То, что он как то связан с Арканом – в этом ничего удивительного не было. Югославия нашла способ экспорта преступности, уникальный для Европы. У Тито все было просто – ты можешь ехать грабить банки в Германии и зарабатывать для страны твердую валюту. Но ты должен заодно выполнять поручения СДБ и отстегивать долю. И не сметь грабить банки дома. А так – можешь возвращаться, по запросам тебя искать никто не будет.

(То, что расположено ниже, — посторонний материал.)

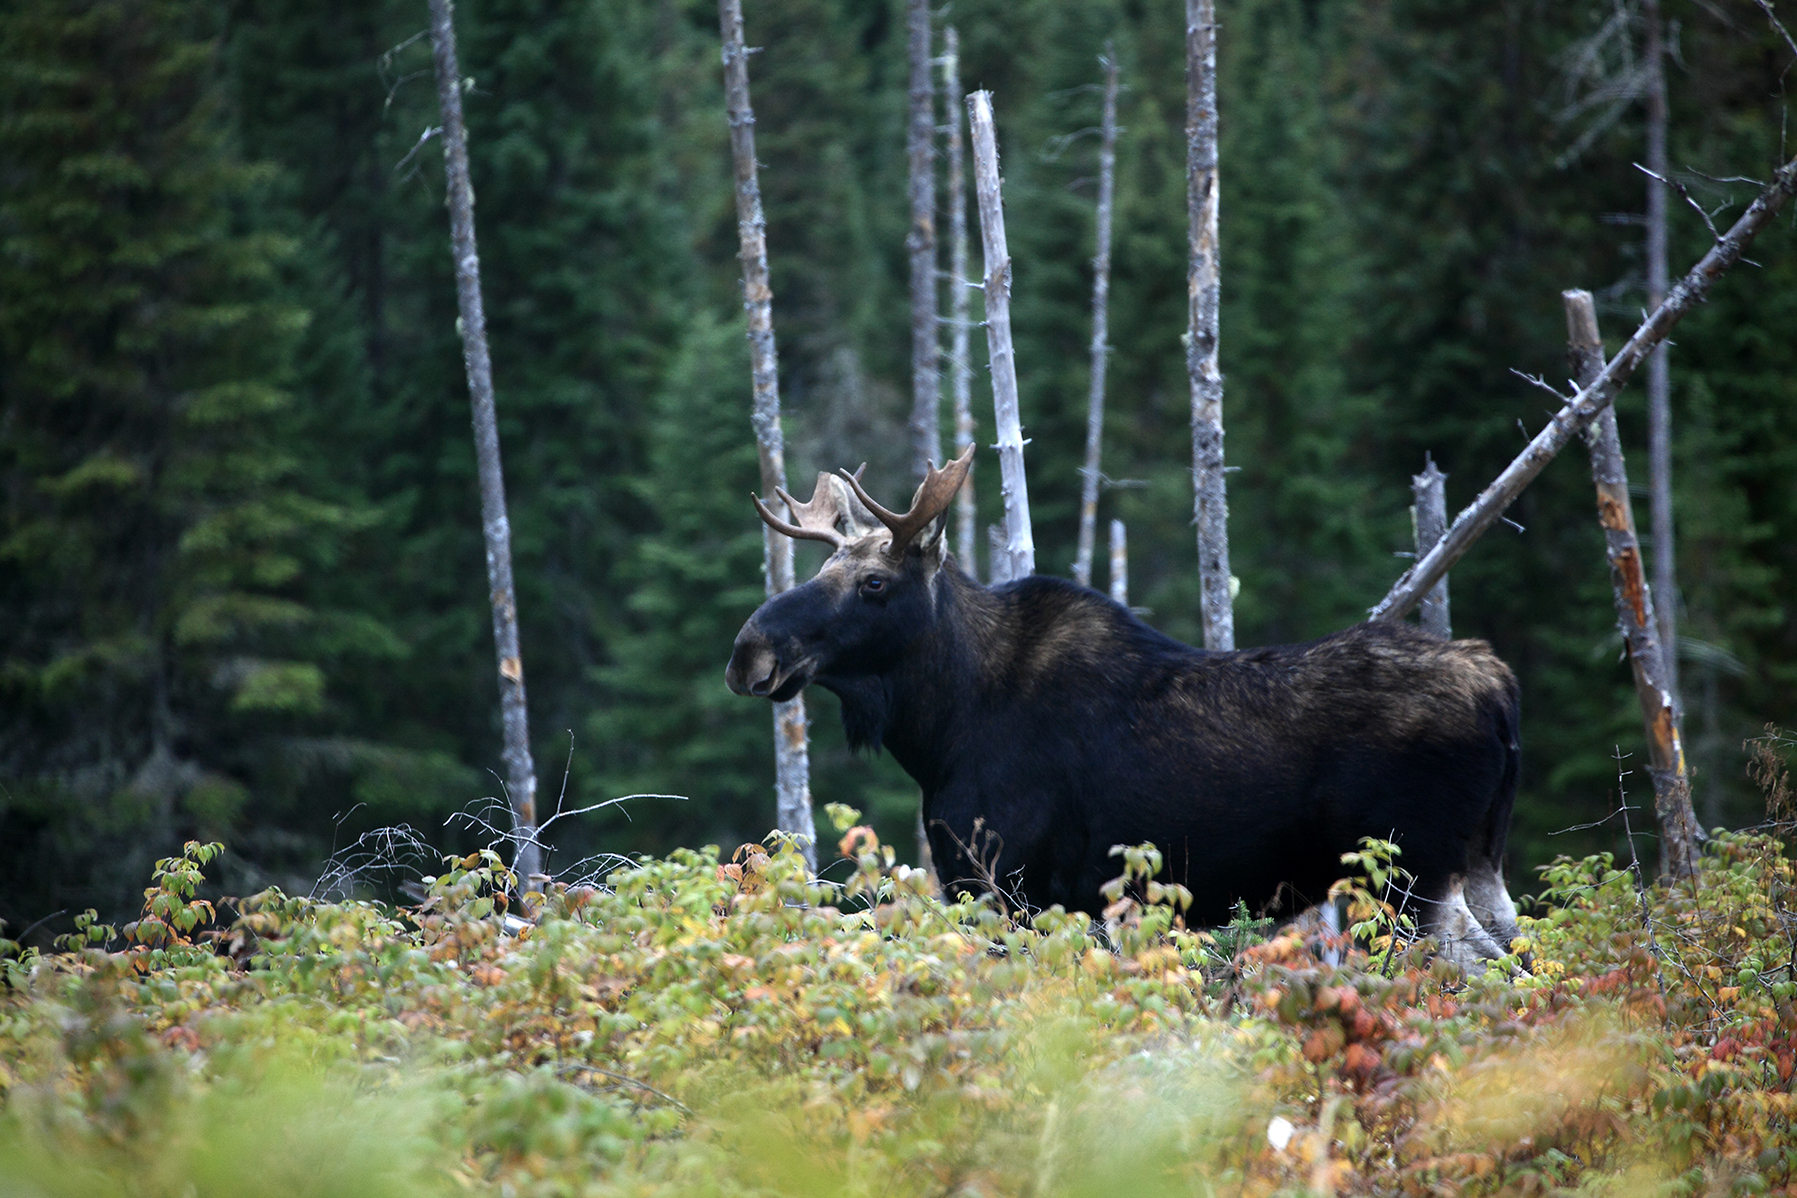 A moose spotted in Forêt Montmorency. Image by Bruce Yuanyue Bi / Lonely Planet Images / Getty

Если Никич сербофил – он мог и Аркана курировать, и много чего еще. В те времена – полный бардак был и многие рыбку в мутной воде ловили. Например – в восемьдесят девятом из взбесившейся Румынии – именно через Югославию, через эти места ушли тысячи и тысячи оперативников румынской секретной полиции – Секуритаты, боевики спецшкол подготовки бойцов мировой революции, которые курировал Андрута Чаушеску, брат расстрелянного президента. Они уже устроили бойню в Бухаресте – по взрослому, с неизвестными снайперами, бьющими с крыш, с танками – а теперь они уходили. Здесь многие и остались, кто-то влился в ряды СДБ, кто-то оказался среди боснийских мусульман, где быстро нашел себе дело. И к последующей трагедии самой Югославии эти люди имеют куда больше касательства, чем это принято признавать.
Какое-то время он работал в Москве… понятно. Это начало нулевых, тогда комната стоила несколько тысяч долларов. Кстати, люди связанные с Милошевичем, понимая что ничем хорошим то не кончится – в свое время огромные деньги вкладывали в скупку квартир в Москве – и потом ох как хорошо поимели на этом.
Сейчас Никич вернулся в Сербию. Занимается бизнесом, много каким, но ничего конкретного. Спонсирует спорт и политику.
Так значит, Аня Никич была его внучатой племянницей!
Ничего себе. Тогда не завидую тем, кто на нее руку поднял. Сербская мафия и из-под земли достанет.
Но лезть в это я не хочу. Хватит с меня.
Довольно.
Информация к размышлению. Сербский путь часть 2
В девятнадцатый век – век самоопределения – Сербия вошла этаким призраком. В отличие от поляков – у сербов в начале девятнадцатого века не было недавнего опыта государственности, не было интеллигенции, не было собственных феодальных элит. У хорватов, кстати, все это было – они в одиннадцатом веке заключили династическую унию с венграми, и у них был собственный парламент, интеллигенция, элиты и язык. Сербы вынуждены были начинать с нуля, как впрочем, и чехи. Но в отличие от чехов, у которых была своя интеллигенция и она то выступала в авангарде национального пробуждения – у сербов хранителем национального самосознания была православная церковь. Сербство, по сути, и сохранялось только благодаря церкви и песням – плачам, которые исполняли в крестьянских избах. Тем не менее, для возрождения народа этого оказалось достаточно.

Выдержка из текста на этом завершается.